Only shareholders of record at 23:59 (Eastern Daylight Time) on August 15, 2025 (the "Record Date") will be entitled to attend and vote at the AGM. Changes to the register of members after the Record Date will be disregarded in determining the rights of any person to attend and vote at the meeting. Beneficial shareholders, for whom shares in the Company are held in a stock brokerage account or by a broker, bank or other nominee, will be sent information on how they can give instructions for voting of their shares at the meeting.

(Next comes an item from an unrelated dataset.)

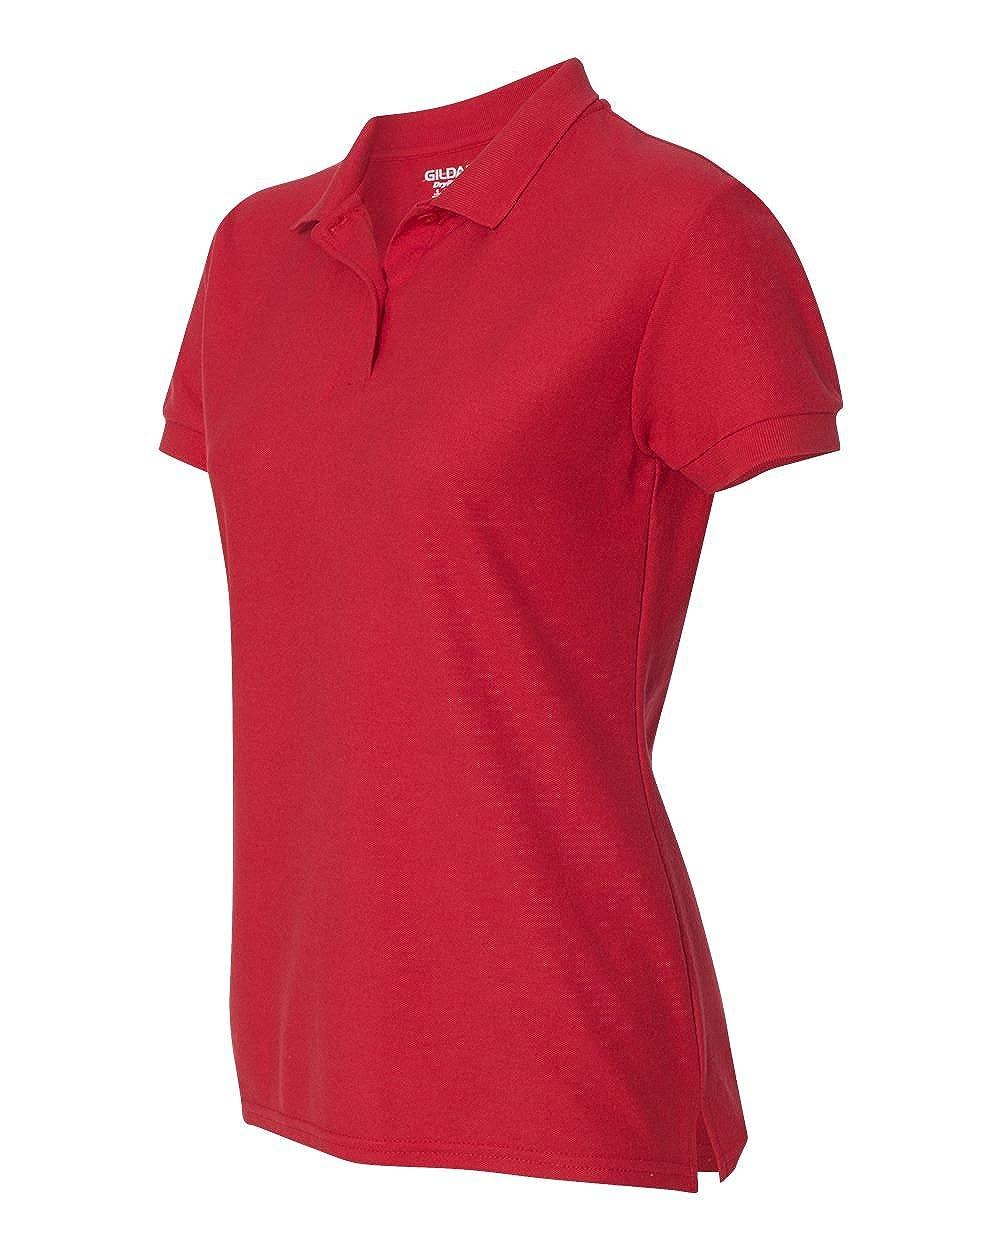 Gildan - Ladies DryBlend Double Pique Polo Shirt - 72800L-Red-XL ...
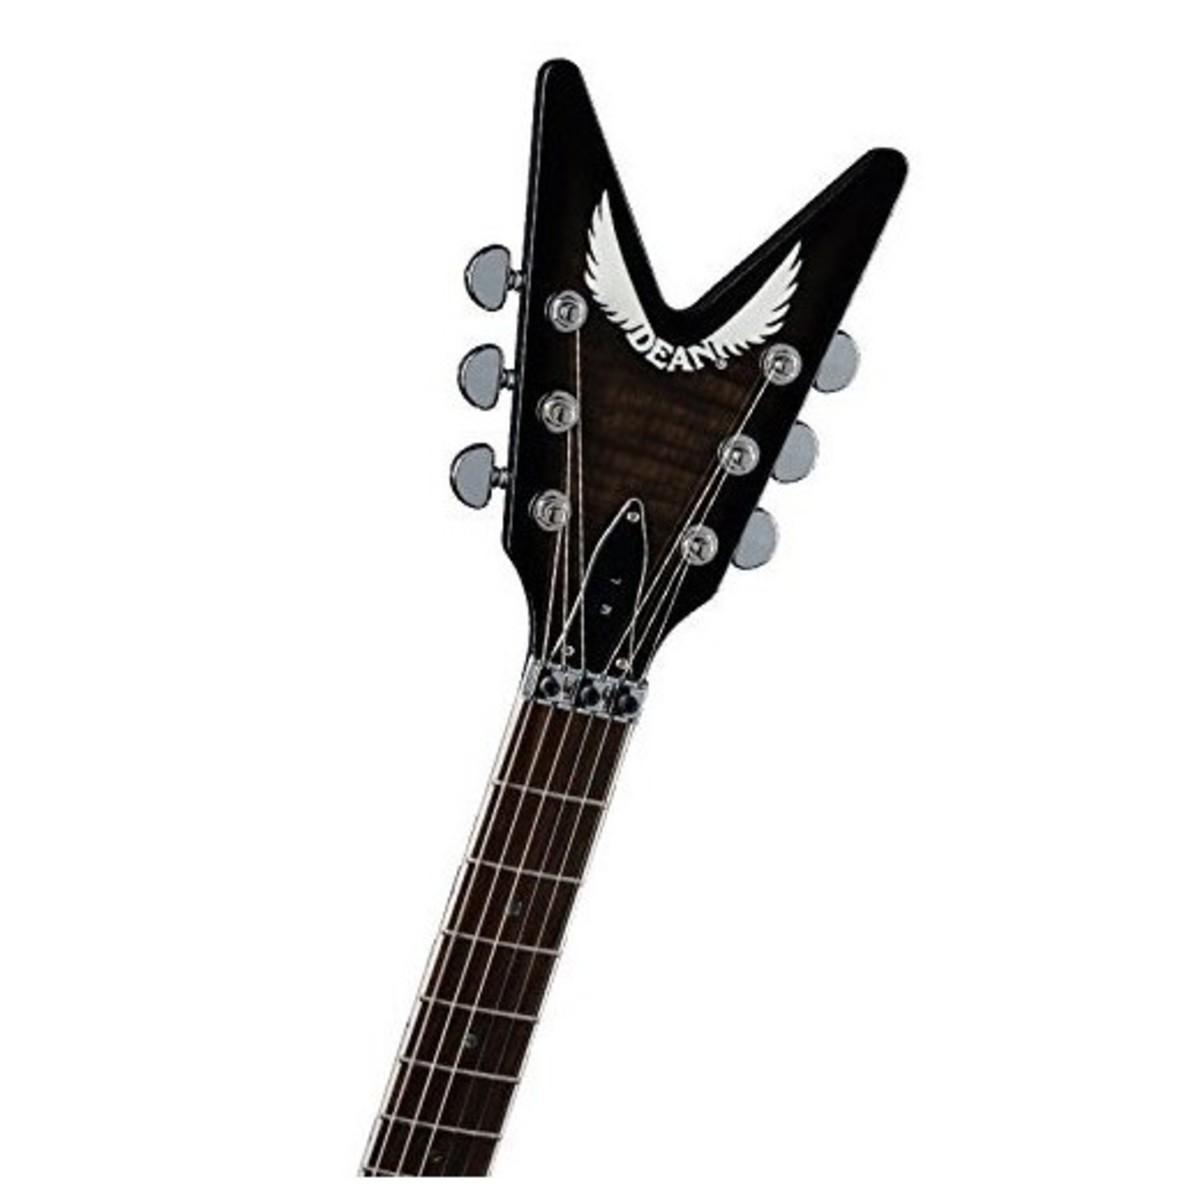 Dean Ml 79 Floyd Electric Guitar Trans Black B Stock At Gear4music

The AGM notice and the Company's U.K. Companies Act annual accounts and reports for the financial year ended March 31, 2025 (containing the directors' report, strategic report, directors' remuneration report and policy, annual accounts, and auditor's report for the financial year ended March 31, 2025) are expected to be published on or around August 22, 2025, and will then be available in the Investor Relations Section on ReNew's website at https://investor.renew.com. Shareholders can request hard copies of documents free of charge by submitting a written request at the registered office of the Company.

# **About ReNew** 
Unless the context otherwise requires, all references in this press release to "we," "us," or "our" refers to ReNew and its subsidiaries.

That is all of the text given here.